Cao Bangrong, Dai Wei, Ma Shiqi, Wang Qifeng, Lan Mei, Luo Huaichao, Chen Tingqing, Yang Xiaojun, Zhu Guiquan, Li Qiang, Lang Jinyi
Radiation Oncology Key Laboratory of Sichuan Province, Sichuan Cancer Hospital & Institute, Sichuan Cancer Center, School of Medicine, University of Electronic Science and Technology of China, Chengdu, China.
Department of Thoracic Surgery, Sichuan Cancer Hospital & Institute, Sichuan Cancer Center, School of Medicine, University of Electronic Science and Technology of China, Chengdu, China.
Mol Ther Nucleic Acids. 2019 Sep 6;17:879-890. doi: 10.1016/j.omtn.2019.07.021. Epub 2019 Aug 7.
Extracellular vesicles (EVs) mediate intercellular communications in the tumor microenvironment and contribute to the aggressive phenomenon of cancers. Although EVs in body fluids are supposed to be ideal biomarkers for cancer diagnosis and prognosis, it remains difficult to distinguish the tumor-derived EVs from those released by other tissues. We hypothesized that analyzing the EV-related molecules in tumor tissues would help to estimate the prognostic value of tumor-specific EVs. Here, we investigate the expression of coding genes of proteins carried by small EVs (sEVs) in primary lung adenocarcinoma. Based on the protein-protein interaction network, we identified three network modules (3-PPI-Mod) as a signature that could predict recurrence. This signature was validated in three independent datasets and demonstrated better prognostic value than signature generated from gene expression alone. Meanwhile, the high-risk subgroup assigned by the signature could benefit from adjuvant chemotherapy, although it was not beneficial in unselected patients. Two out of three modules were enriched by proteins identified in sEVs from non-small-cell lung cancer cells. Furthermore, the two modules were remarkably correlated with intratumoral hypoxia score.

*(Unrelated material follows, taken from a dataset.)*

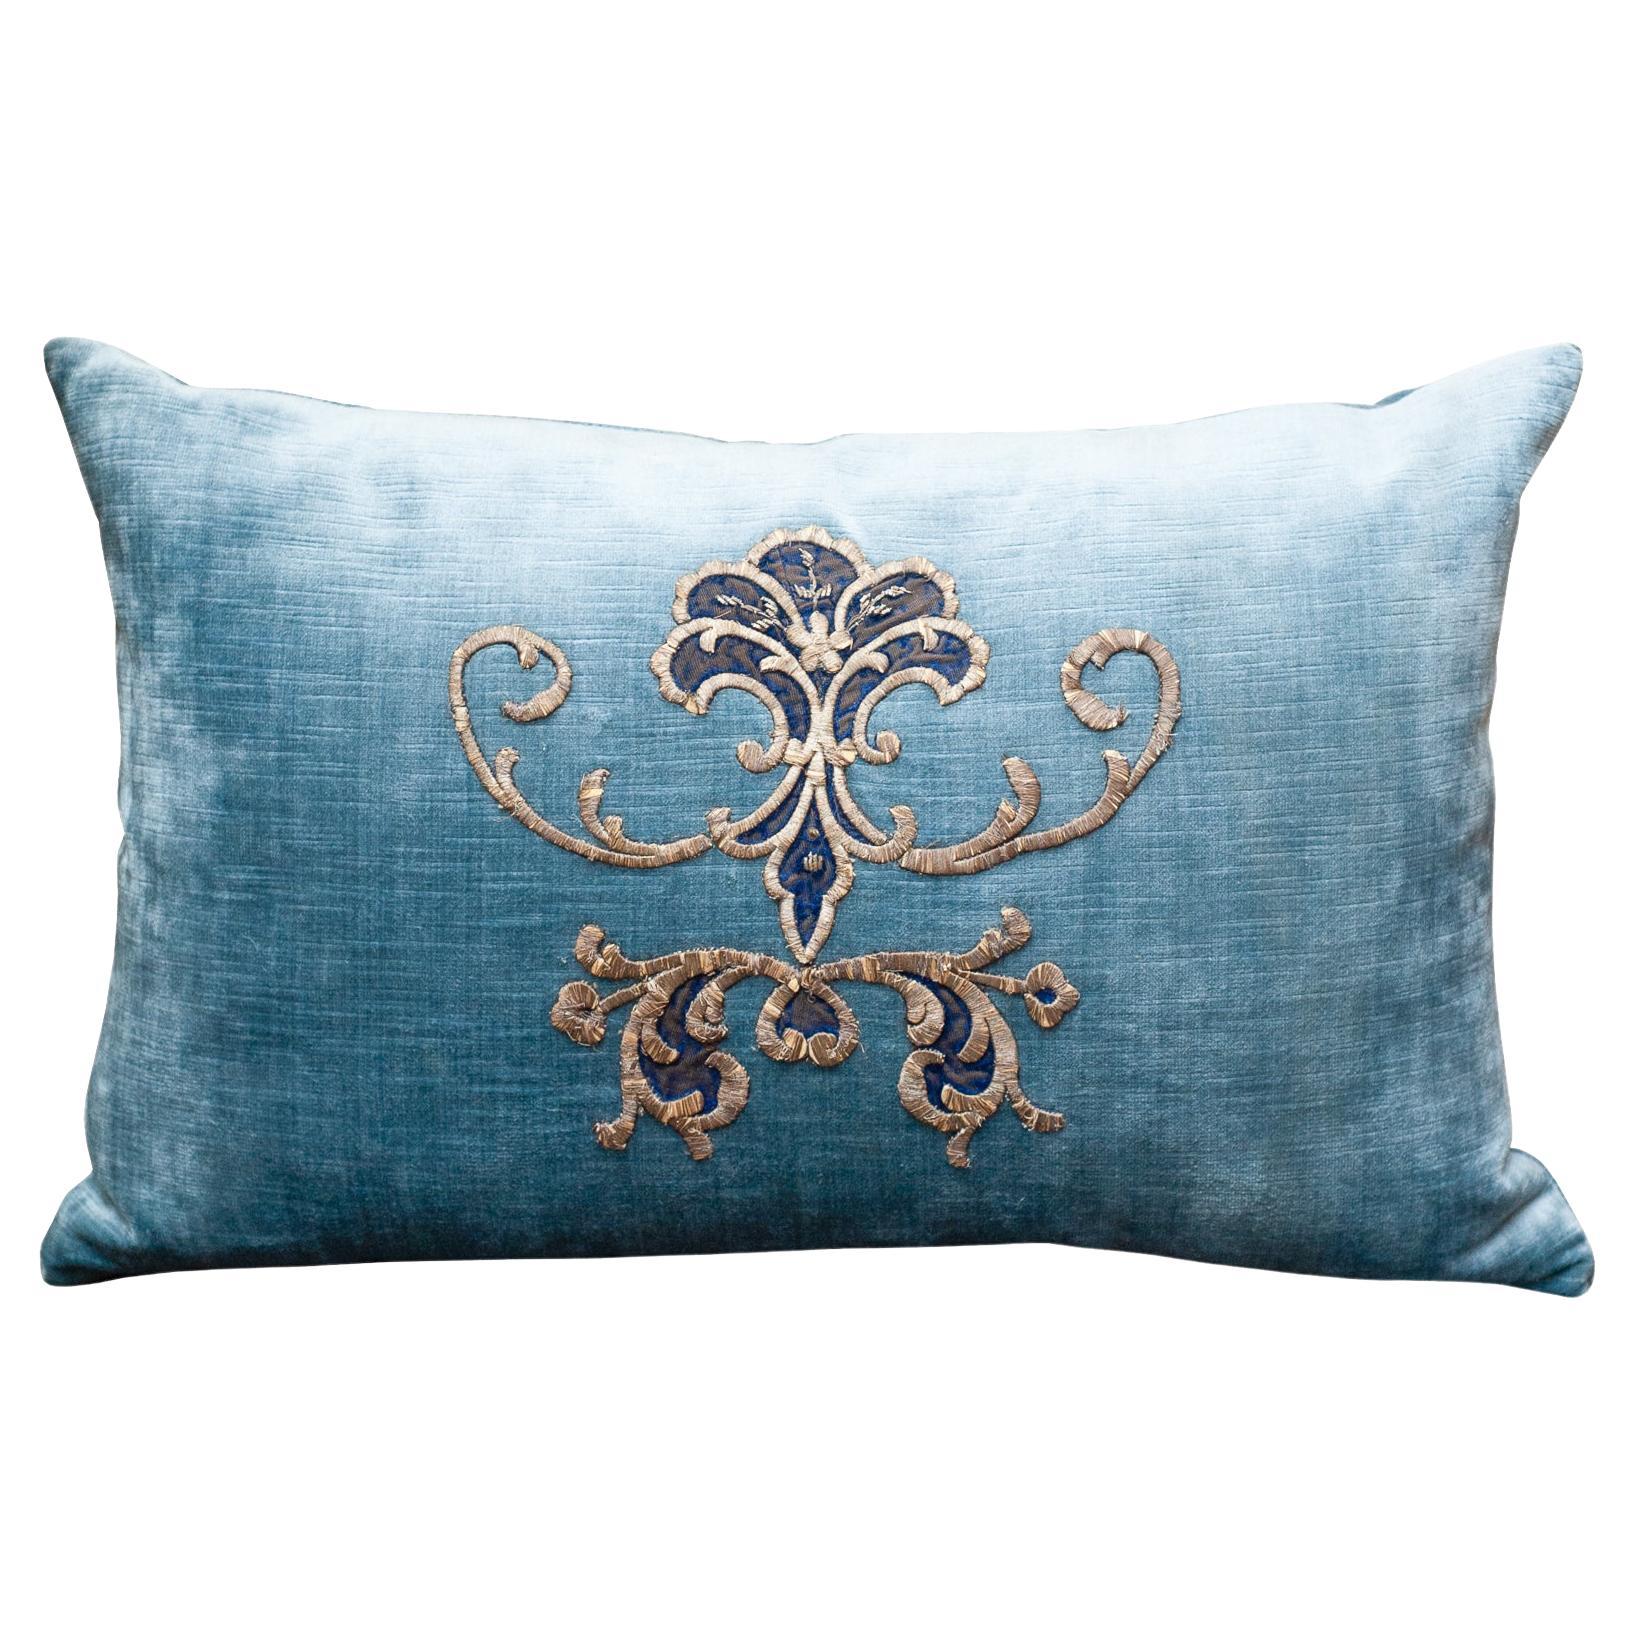 Contemporary Medium Blue Velvet Pillow with Antique Embroidered Appliqué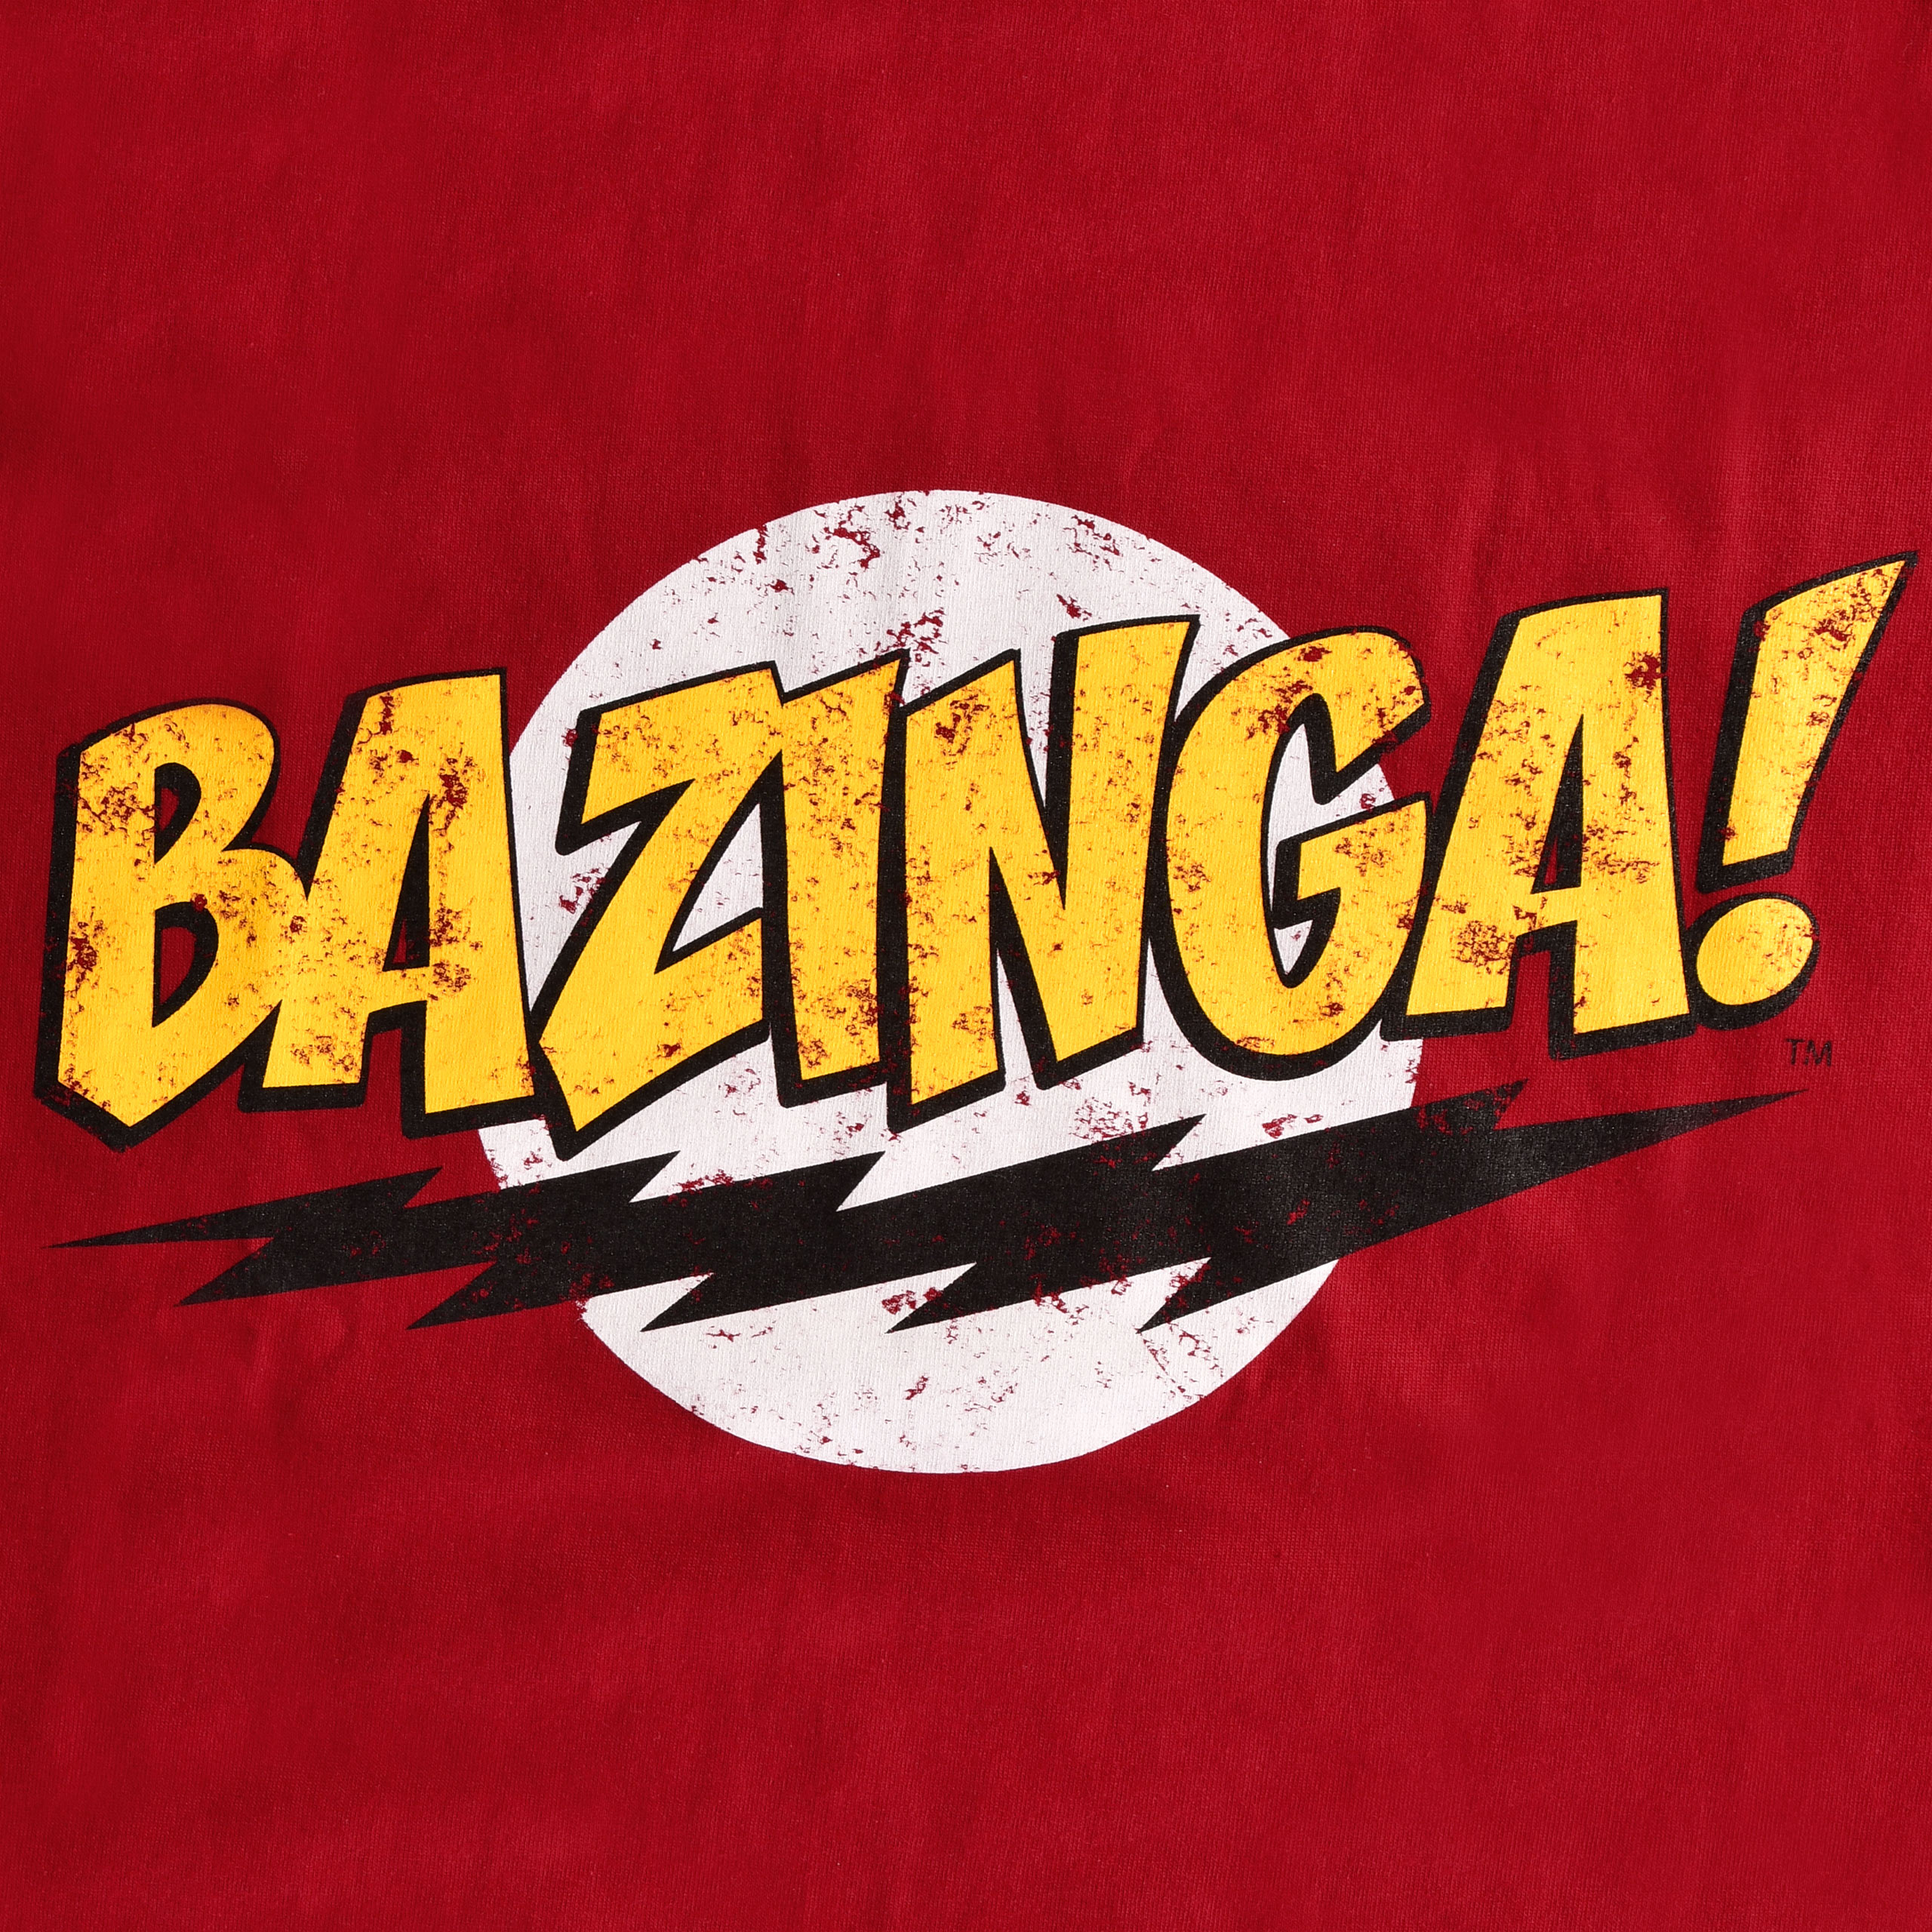 Big Bang Theory - Bazinga Full Size T-Shirt rot | The Big Bang Theory ...

These results suggest that the 3-PPI-Mod signature was enriched in tumor-derived sEVs and could serve as a prognostic and predictive biomarker for lung adenocarcinoma.
细胞外囊泡(EVs)介导肿瘤微环境中的细胞间通讯,并促成癌症的侵袭性现象。尽管体液中的EVs被认为是癌症诊断和预后的理想生物标志物,但仍难以将肿瘤来源的EVs与其他组织释放的EVs区分开来。我们假设分析肿瘤组织中与EV相关的分子将有助于评估肿瘤特异性EVs的预后价值。在此,我们研究原发性肺腺癌中由小细胞外囊泡(sEVs)携带的蛋白质编码基因的表达。基于蛋白质-蛋白质相互作用网络,我们确定了三个网络模块(3-PPI-Mod)作为可预测复发的特征。该特征在三个独立数据集中得到验证,并且显示出比仅由基因表达生成的特征更好的预后价值。同时,由该特征划分出的高危亚组可从辅助化疗中获益,尽管在未经过筛选的患者中辅助化疗并无益处。三个模块中的两个被来自非小细胞肺癌细胞的sEVs中鉴定出的蛋白质所富集。此外,这两个模块与肿瘤内缺氧评分显著相关。这些结果表明,3-PPI-Mod特征在肿瘤来源的sEVs中富集,并且可作为肺腺癌的预后和预测生物标志物。